# [Data for the task]
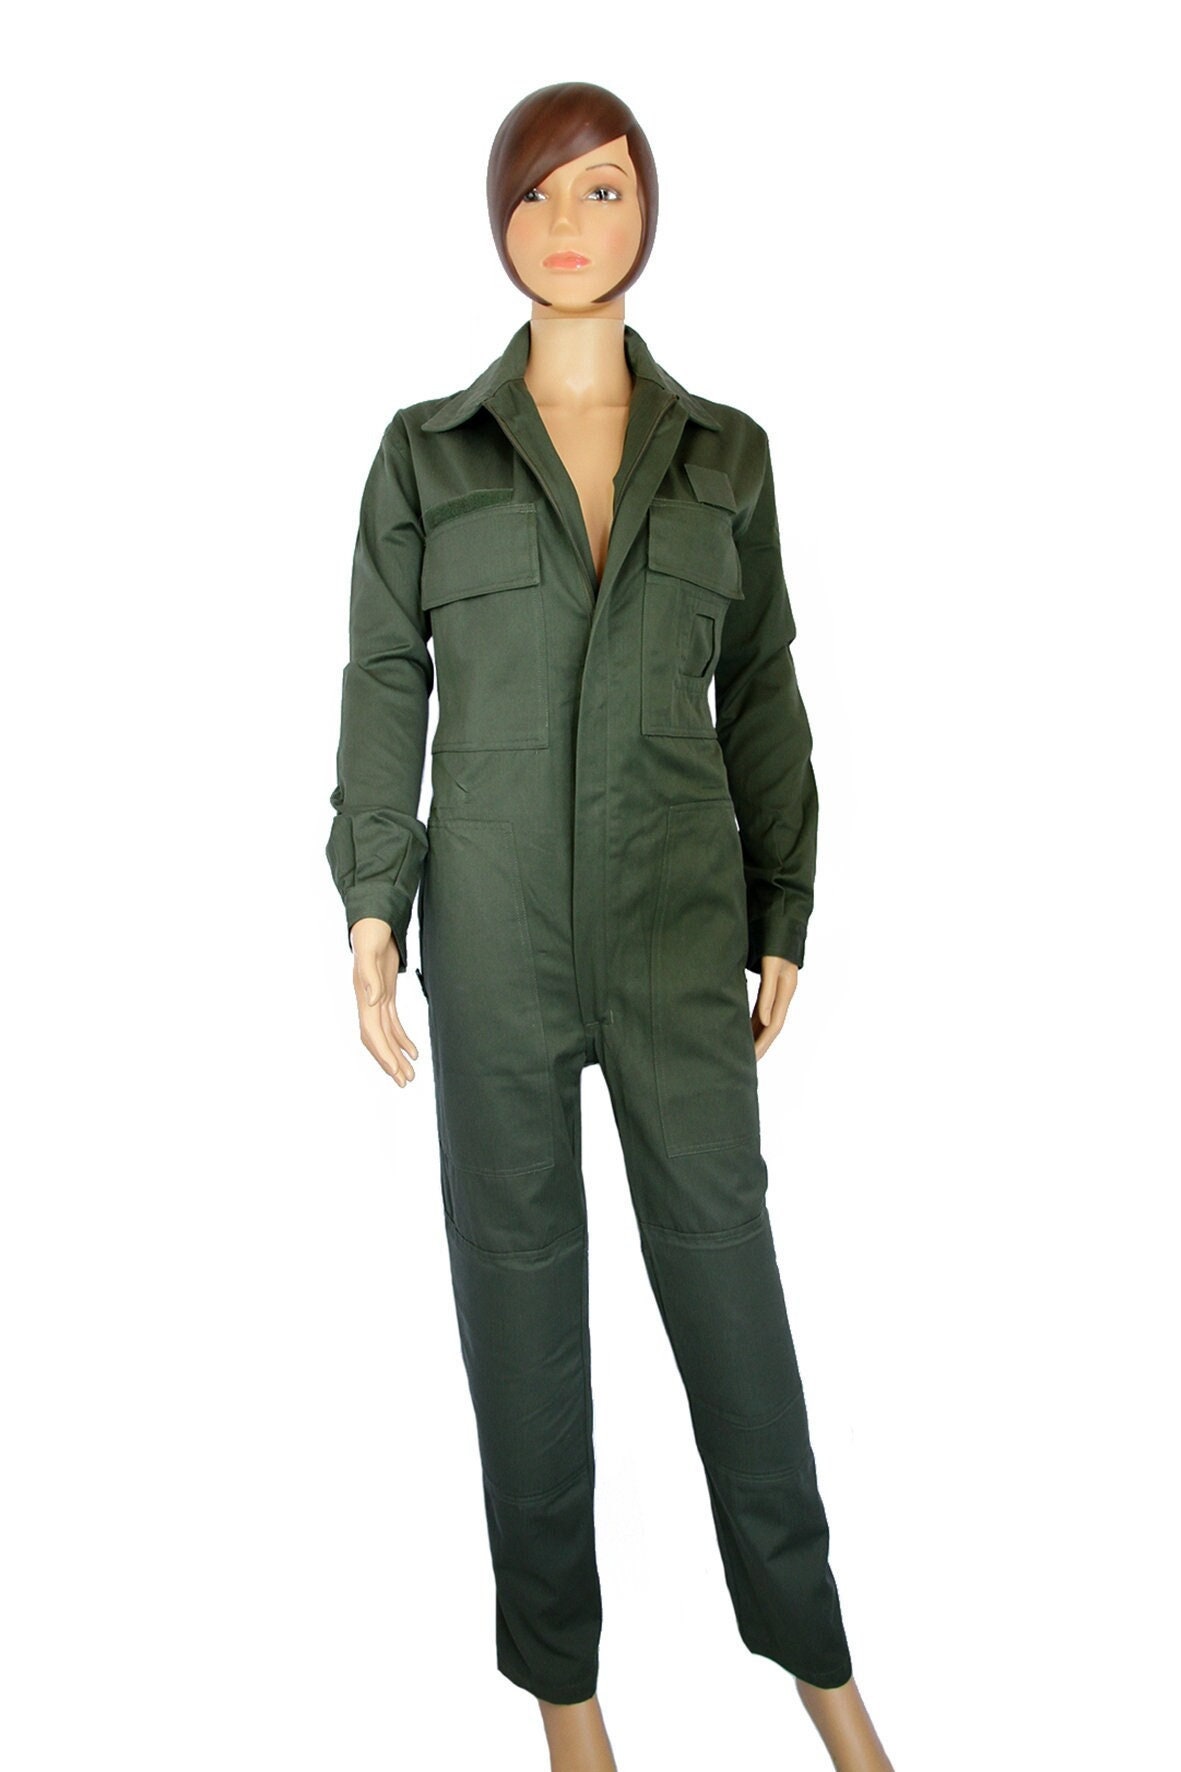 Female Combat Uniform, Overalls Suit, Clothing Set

==

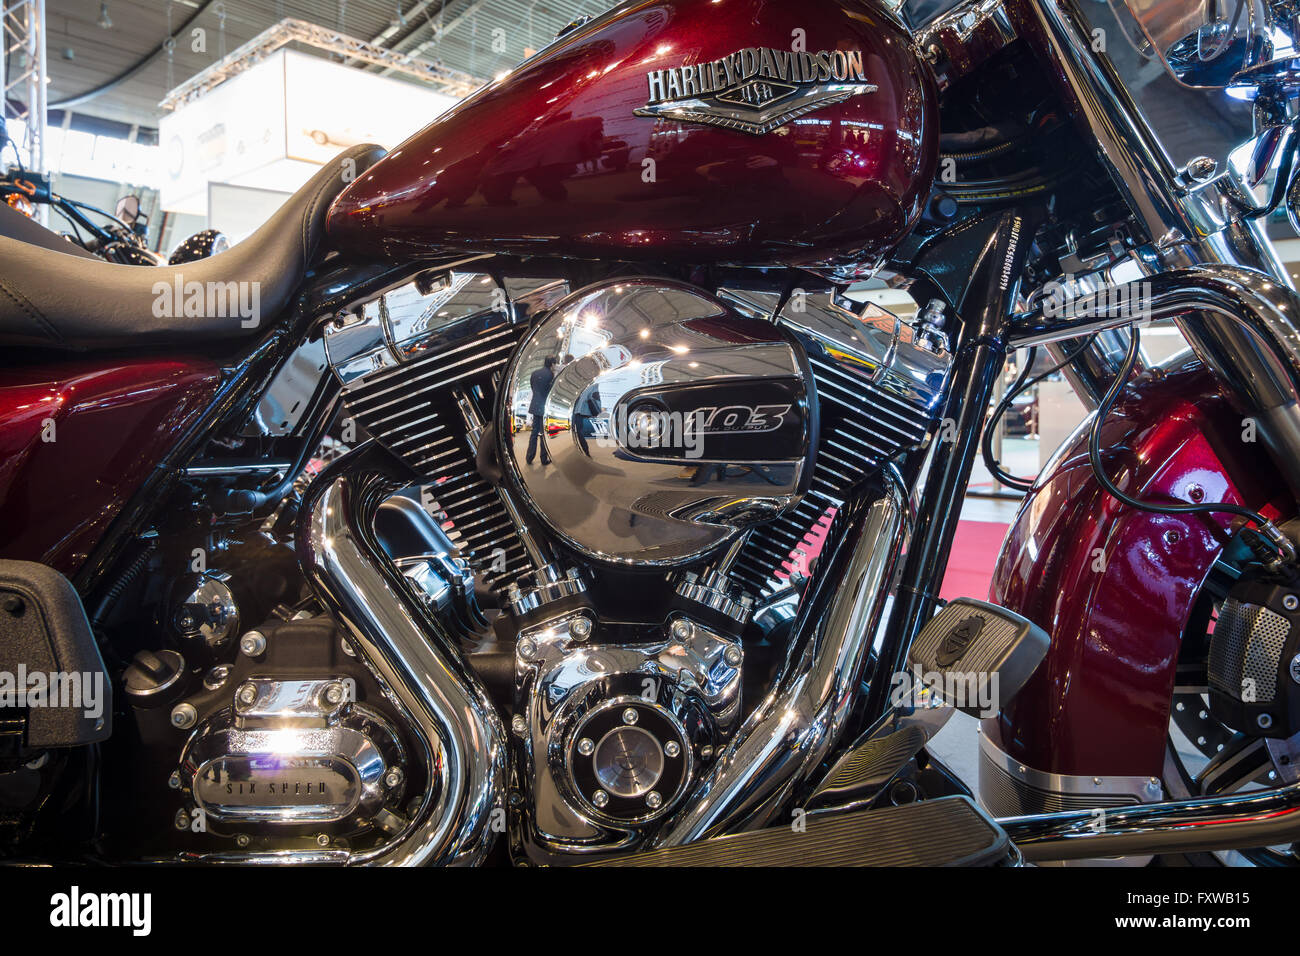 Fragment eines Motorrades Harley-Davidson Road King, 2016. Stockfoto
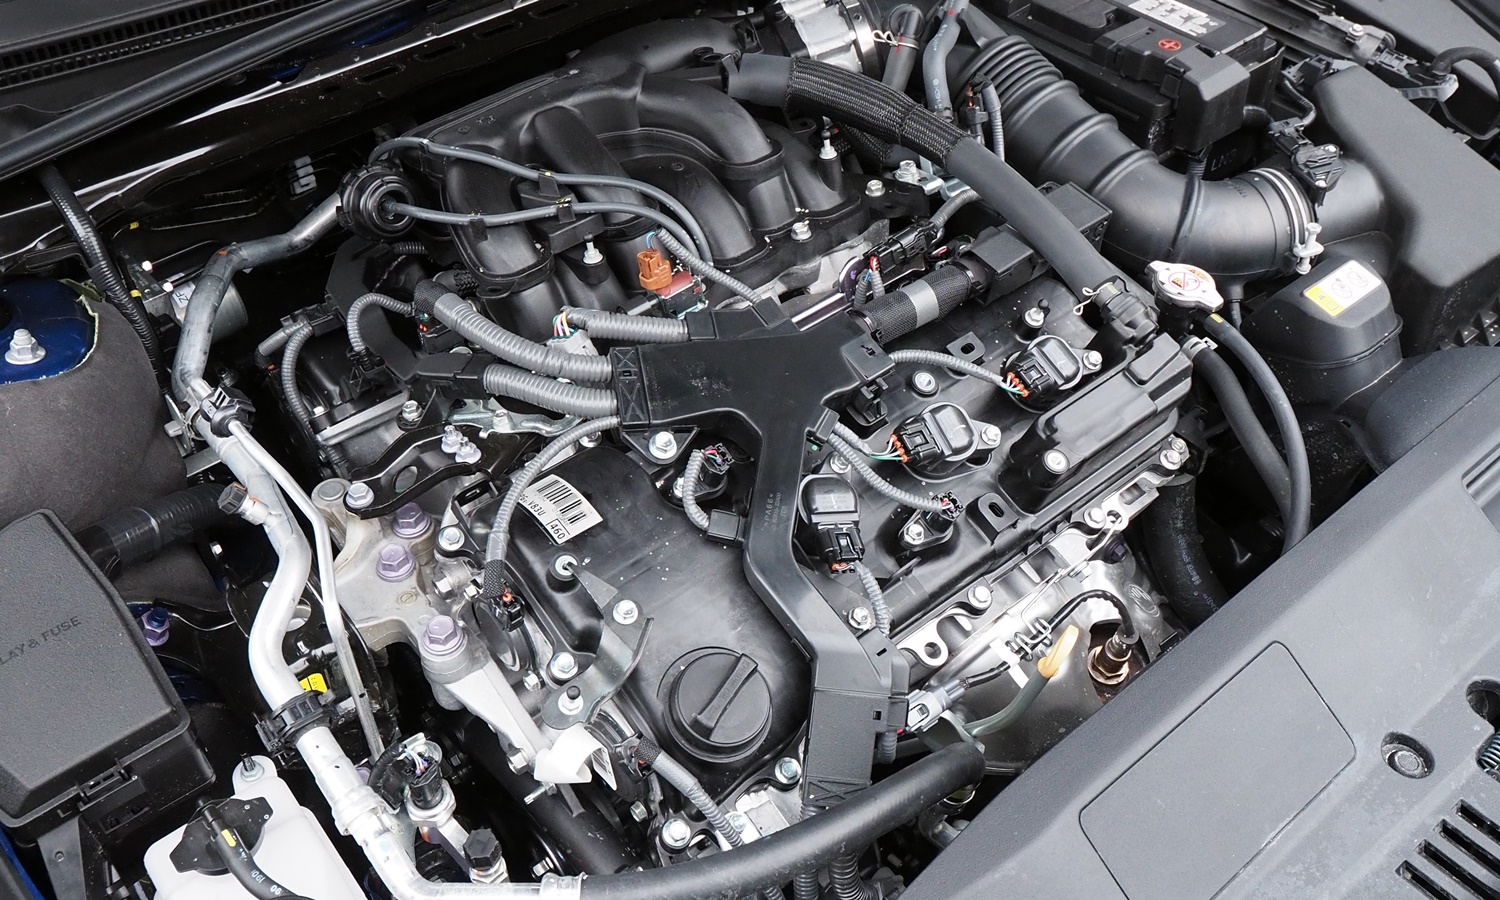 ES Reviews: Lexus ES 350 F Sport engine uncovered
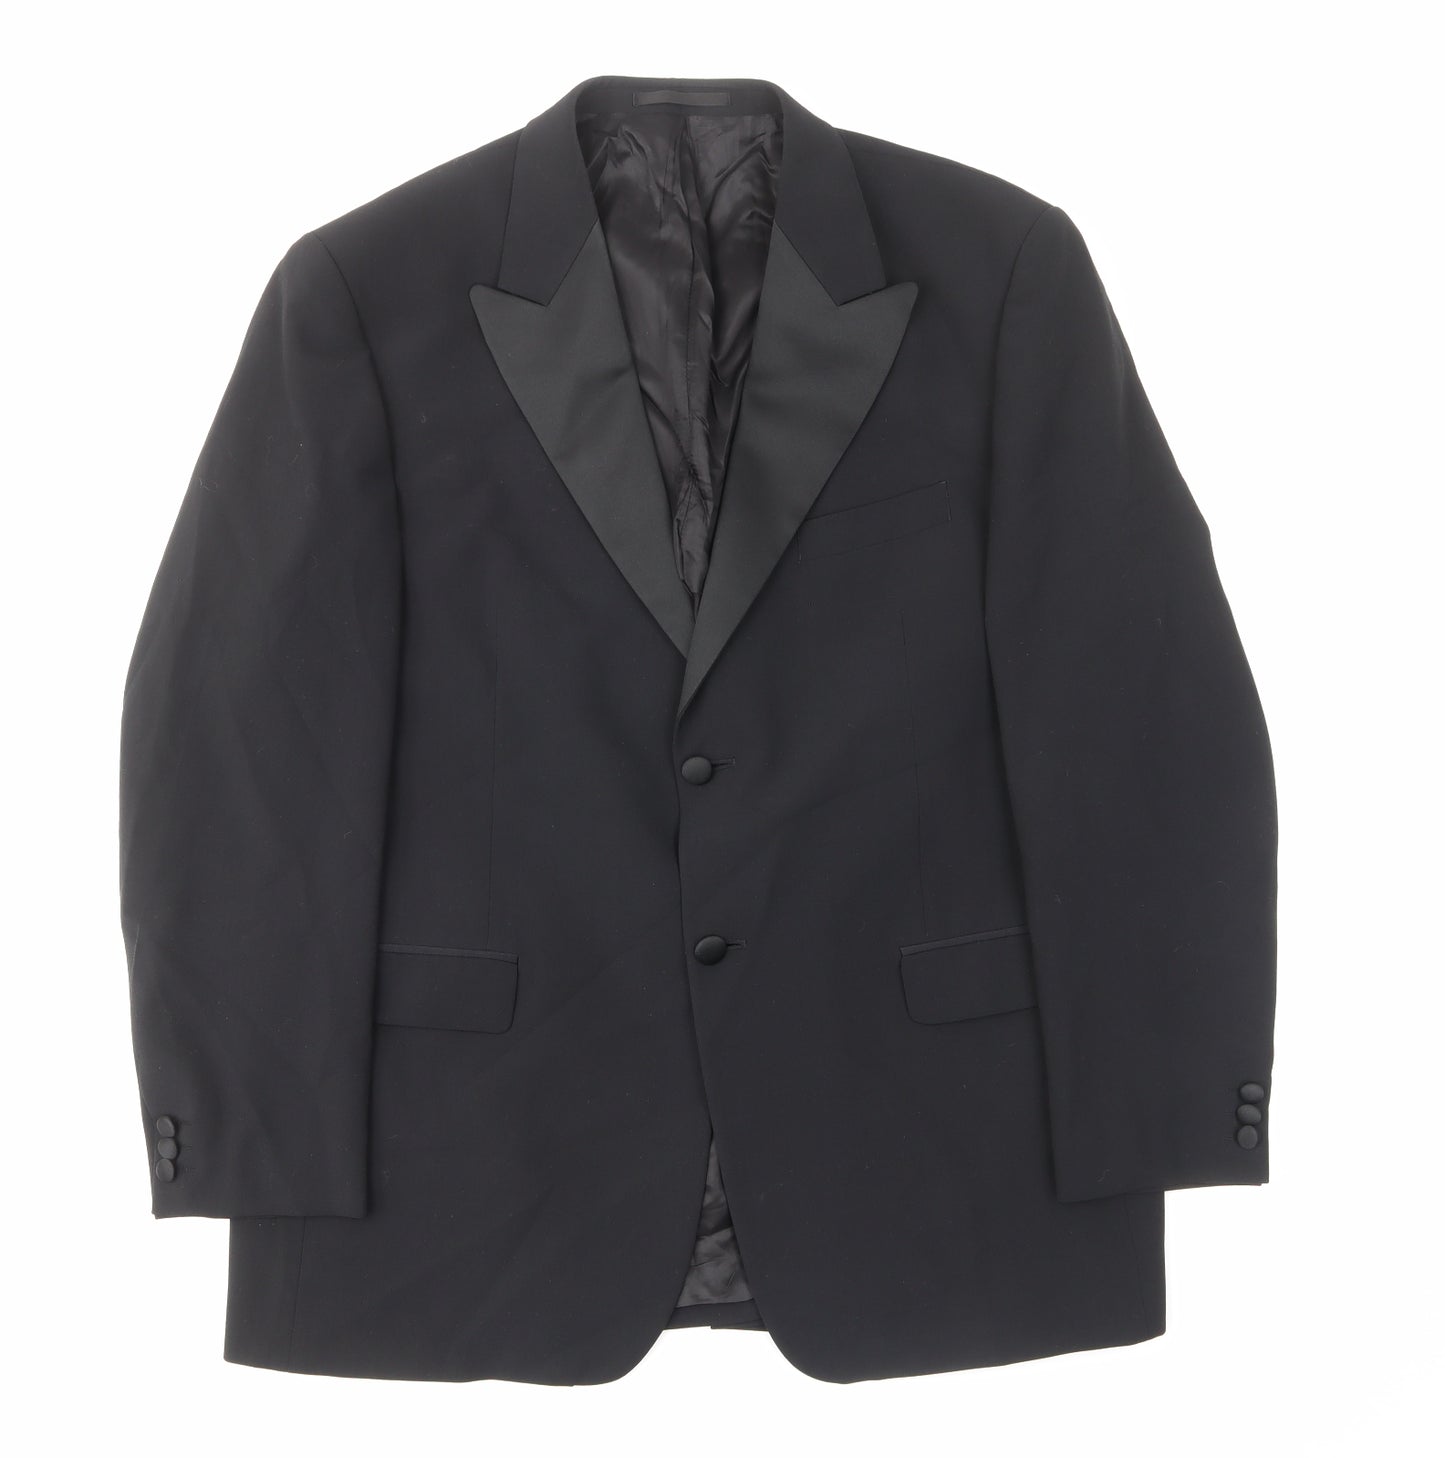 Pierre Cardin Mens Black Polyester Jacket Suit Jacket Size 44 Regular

--

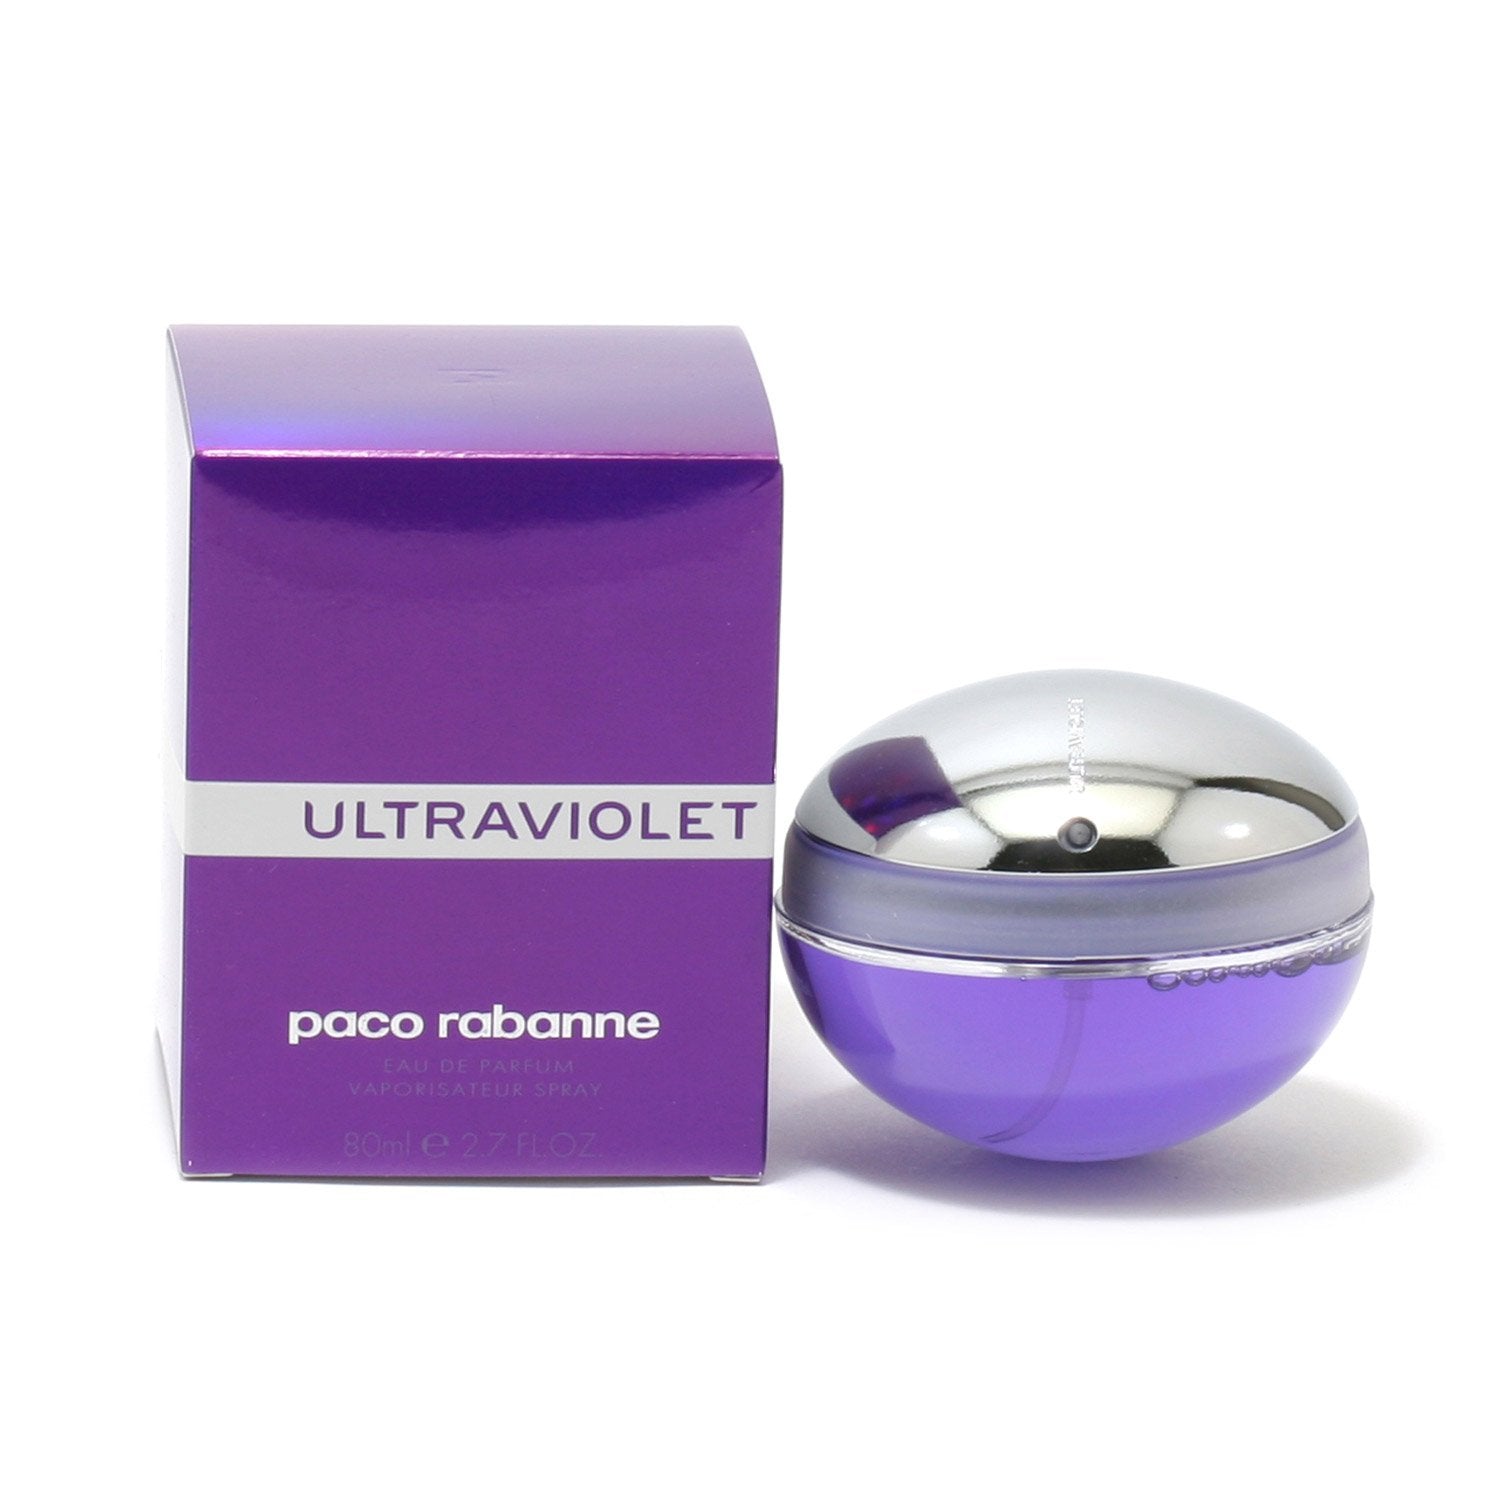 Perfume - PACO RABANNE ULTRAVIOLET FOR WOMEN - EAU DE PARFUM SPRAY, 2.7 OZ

# [Work task]
Because only one stretch of the records is wanted, please output the lines from the one holding "Fragment eines Motorrades" through the one holding "Pierre Cardin Mens" exactly, both included, and leave every picture out.

# [Finished exercise]
 Fragment eines Motorrades Harley-Davidson Road King, 2016. Stockfoto
 ES Reviews: Lexus ES 350 F Sport engine uncovered
 Pierre Cardin Mens Black Polyester Jacket Suit Jacket Size 44 Regular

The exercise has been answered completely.